Does the trap come apart for cleaning and refilling?

-ekrouse


----------



## ajs beetle eater (Feb 21, 2008)

*ekrouse*

 yes the beetle eaters come apart the track clicks on and off by gently squeezing the end of the chamber thanks aj


----------



## Troy (Feb 9, 2006)

I have two questions about the beetle eater.

1. How many ml does it take to fill it. (I can measure if nobody knows off hand)

2. What purpose does the vinyl flooring cover serve?


----------



## ajs beetle eater (Feb 21, 2008)

*troy*

the beetle eater only needs 3 mil of oil do not fill it and the purpose of the vynal is to reduce the bees plugging up the tracks with wax or propilas thanks aj


----------



## JC (Jun 3, 2006)

*AJ*

Where do you put the trap in the colony and how long do you leave the trap in the colony?


----------



## ajs beetle eater (Feb 21, 2008)

*jc*

 the beetle eaters sit on the top bars if it is a double in the super if it is a single in the brood chamber they should be checked weekly depending on the infestation of SHB aj


----------



## JC (Jun 3, 2006)

ajs beetle eater said:


> the beetle eaters sit on the top bars if it is a double in the super if it is a single in the brood chamber they should be checked weekly depending on the infestation of SHB aj


Let me see if I got this correctly. If there are two hive bodies, place the beetle trap on the top hive body. Suppose there are two hive bodies and two honey supers, should the beetle trap also be placed on the top hive body under the two honey supers? Additionally, I surmise tha bettle trap should be left on the colony year round; however, it should be checked once a week?


----------



## ajs beetle eater (Feb 21, 2008)

*jc*

 preferably put the beetle eaters at the top of the box in the center


----------



## Beaches' Bee-Haven Apiary (May 22, 2007)
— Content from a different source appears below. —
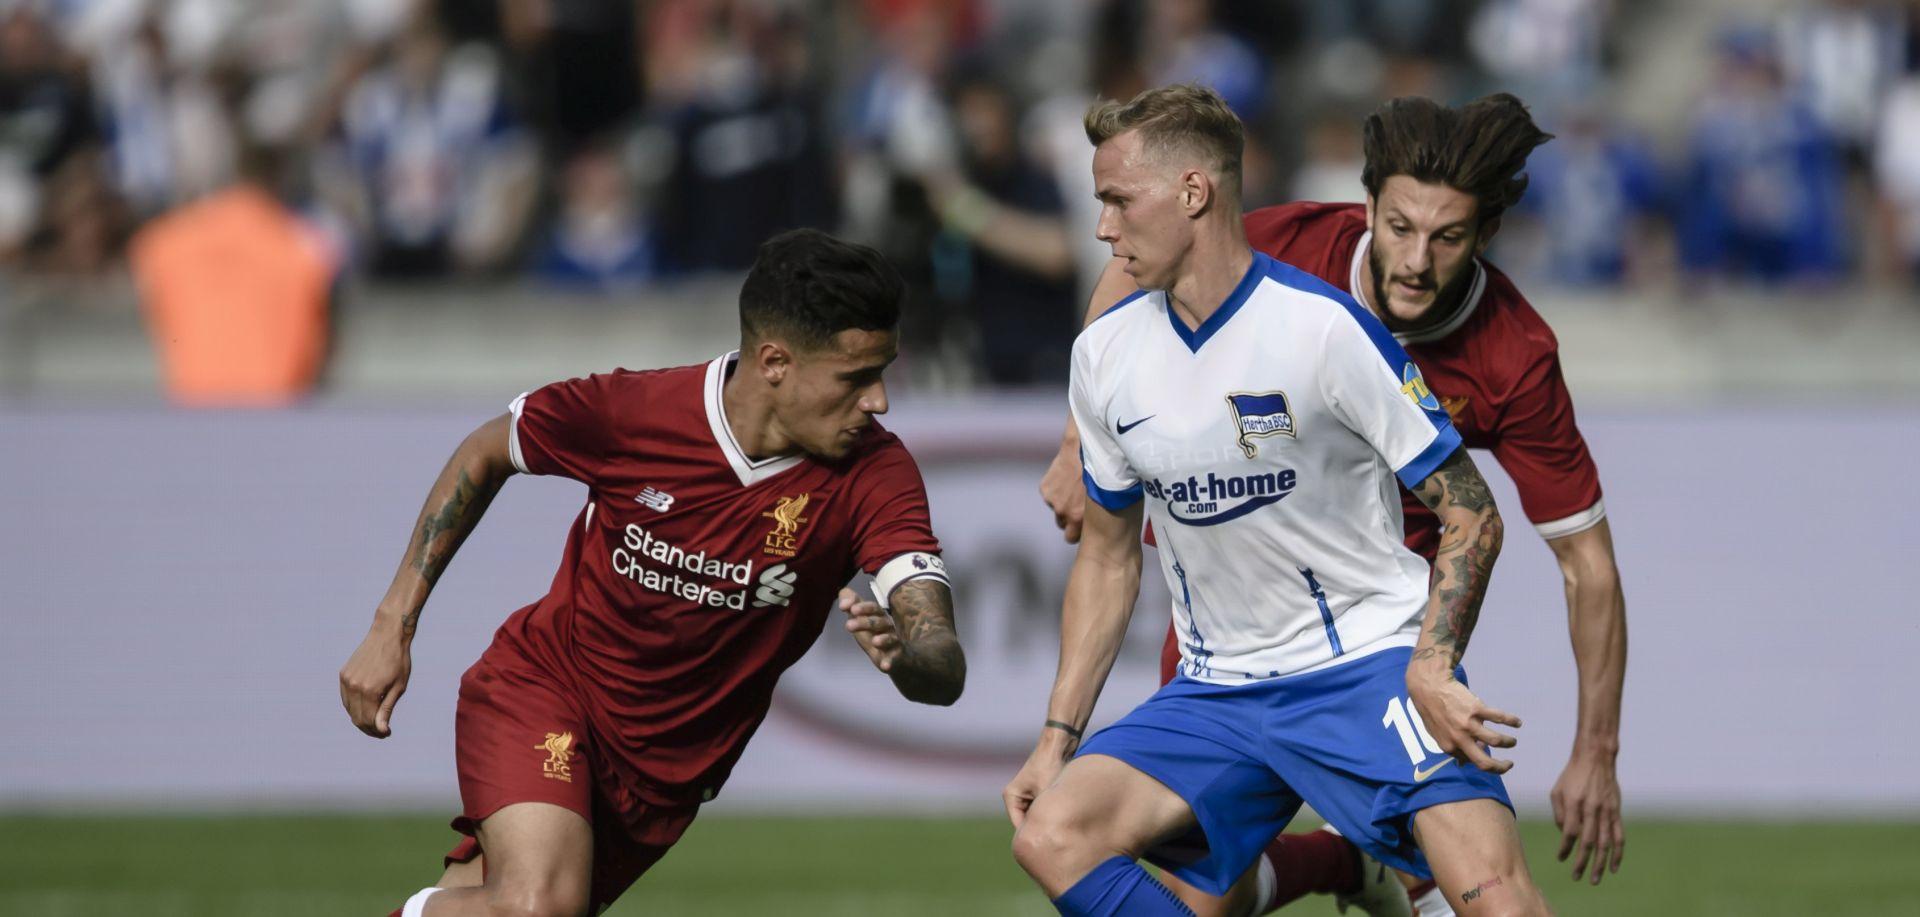 VIDEO: Kapetan Coutinho odveo Liverpool do pobjede nad Herthom

Here's an idea my mom had. To fill the eaters use one of those ketchup/mustard squeeze containers (y'know, the yellow and red cylindrical ones) Easy, portable, cheap, and should fill it w/o any problem!

-Nathanael


----------



## Troy (Feb 9, 2006)

I am going to use a syringe, that way I can measure the oil needed and I don't have to try to see down inside. It being all black, I can imagine it will be difficult to see the oil level inside there.


----------



## mbholl (Dec 16, 2007)

What are the first signs of the small hive beetle, and what should I watch for? Now that bees are coming out of almonds, I want to make sure that they haven't brought home something new.


----------



## okb (Apr 16, 2007)

http://www.wasba.org/SHB.pdf

Here is some reading on it.


----------



## Keith Benson (Feb 17, 2003)

Troy said:


> I am going to use a syringe, that way I can measure the oil needed and I don't have to try to see down inside. It being all black, I can imagine it will be difficult to see the oil level inside there.
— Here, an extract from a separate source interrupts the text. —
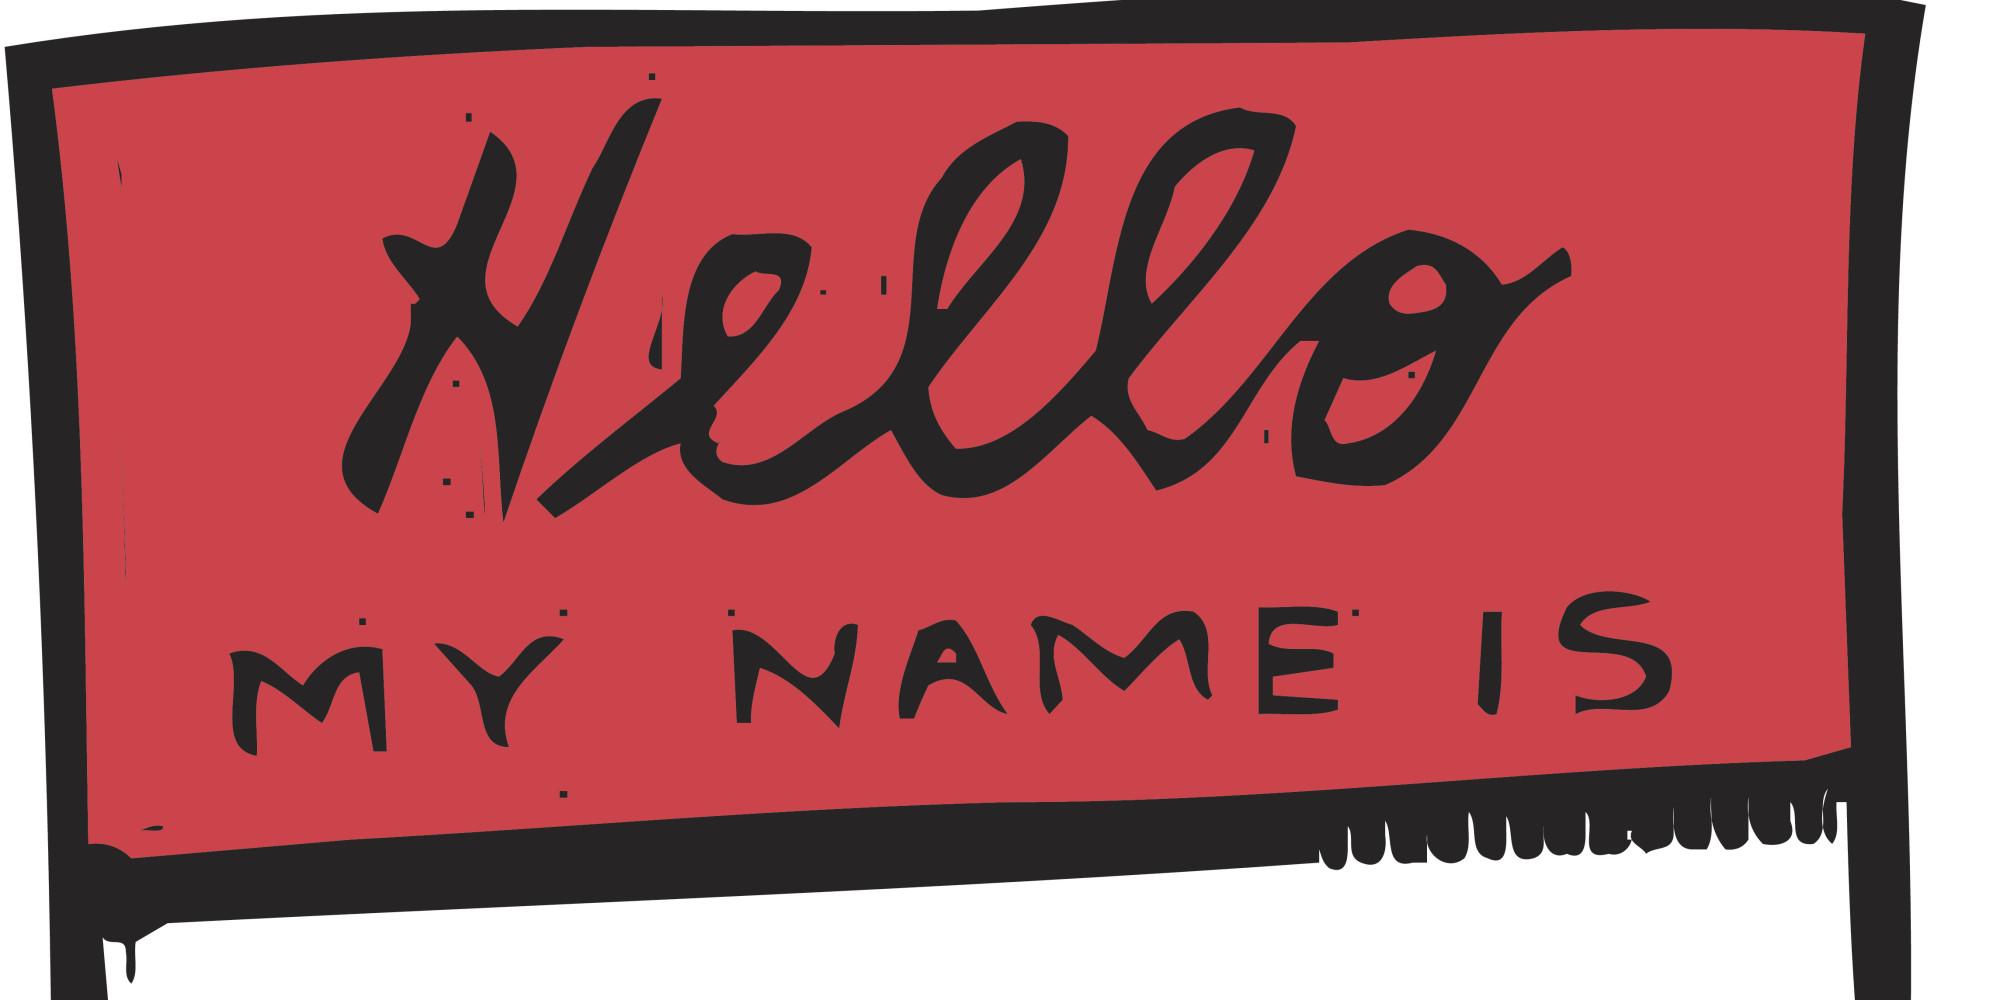 name tag design ideas cartoon blank name tag design should you change

You may find that the black plunger on the syringe won't necessarily hold up to the oils. And it could get sticky over time. Try it, but don't be surprised if you wind up going another route. They do make syringes specifically for oils, and you might be able to pick up an old-style ground glass syringe on eBay that might work better.

Keith


----------



## Troy (Feb 9, 2006)

I saw a thing made for measuring medicine for babies in the pharmacy at Wal-mart the other day. It was like a mini turkey baster. 

If one doesn't let the oil ever get up into the bulb, that should work well and allow me to measure the correct amount too. It cost like $1.27, so even if it doesn't last more than one season - that is fine too.


----------



## mikesfarm (Jul 4, 2007)

*AJ's Beetle eater cover*

I just ordered a few of AJ's traps. Are those that are using them baiting them with a similar lure to the Sonny-Mel traps ? What are people using to cover them with ? Any good local things that the bees are not eating ? Why do they not ship with the nesc covers ?
Thanks
Mike


----------



## Tillie (Apr 26, 2006)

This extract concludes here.